What you need to do:
Beneath this instruction is a listing; print exactly the lines in it starting at the line that contains "On sale - Chiffon" and going through the line that contains "Copy of Wow".

Study material:
------------

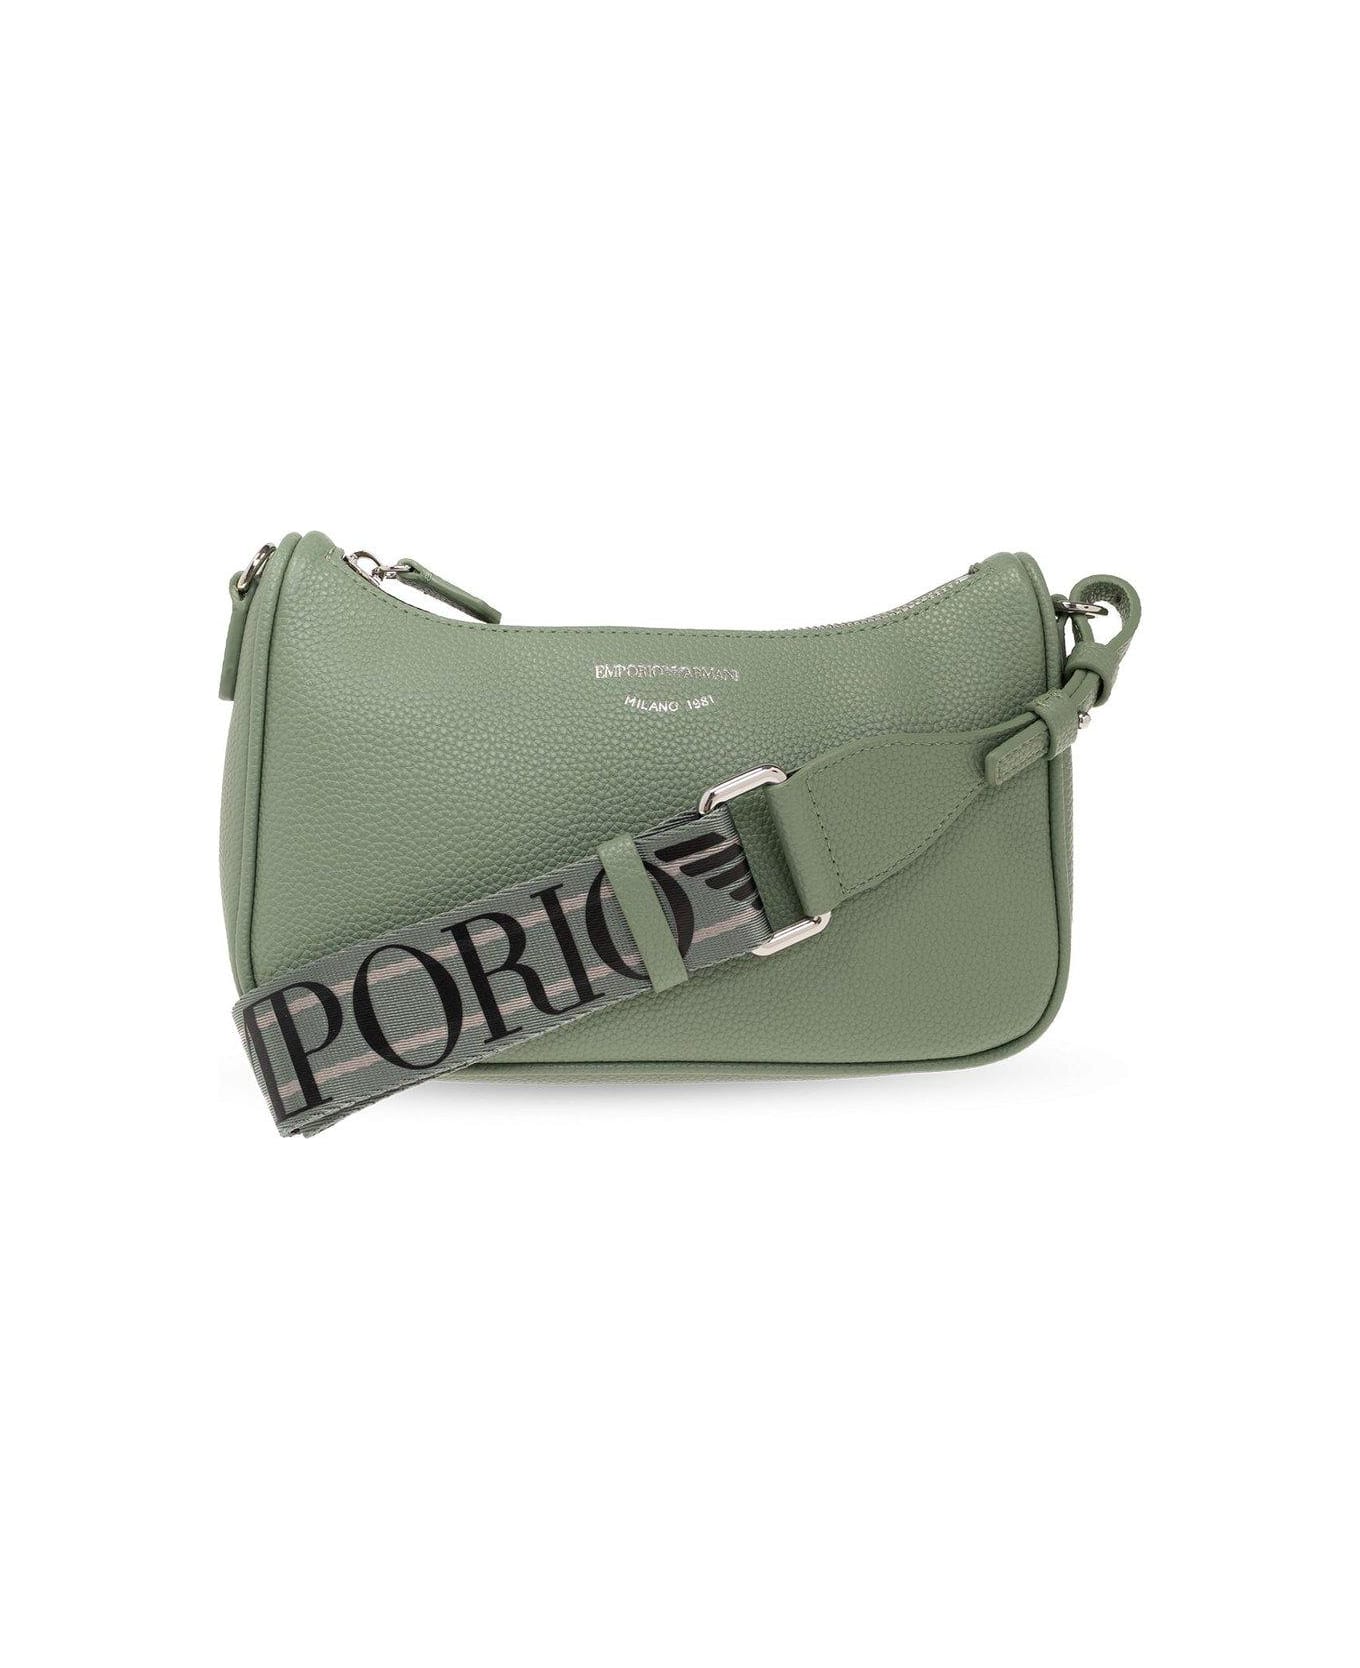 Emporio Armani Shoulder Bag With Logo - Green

------------

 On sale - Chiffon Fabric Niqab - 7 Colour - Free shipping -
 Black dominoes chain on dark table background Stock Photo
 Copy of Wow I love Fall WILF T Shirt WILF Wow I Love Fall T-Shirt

------------

Task answer:
 On sale - Chiffon Fabric Niqab - 7 Colour - Free shipping -
 Black dominoes chain on dark table background Stock Photo
 Copy of Wow I love Fall WILF T Shirt WILF Wow I Love Fall T-Shirt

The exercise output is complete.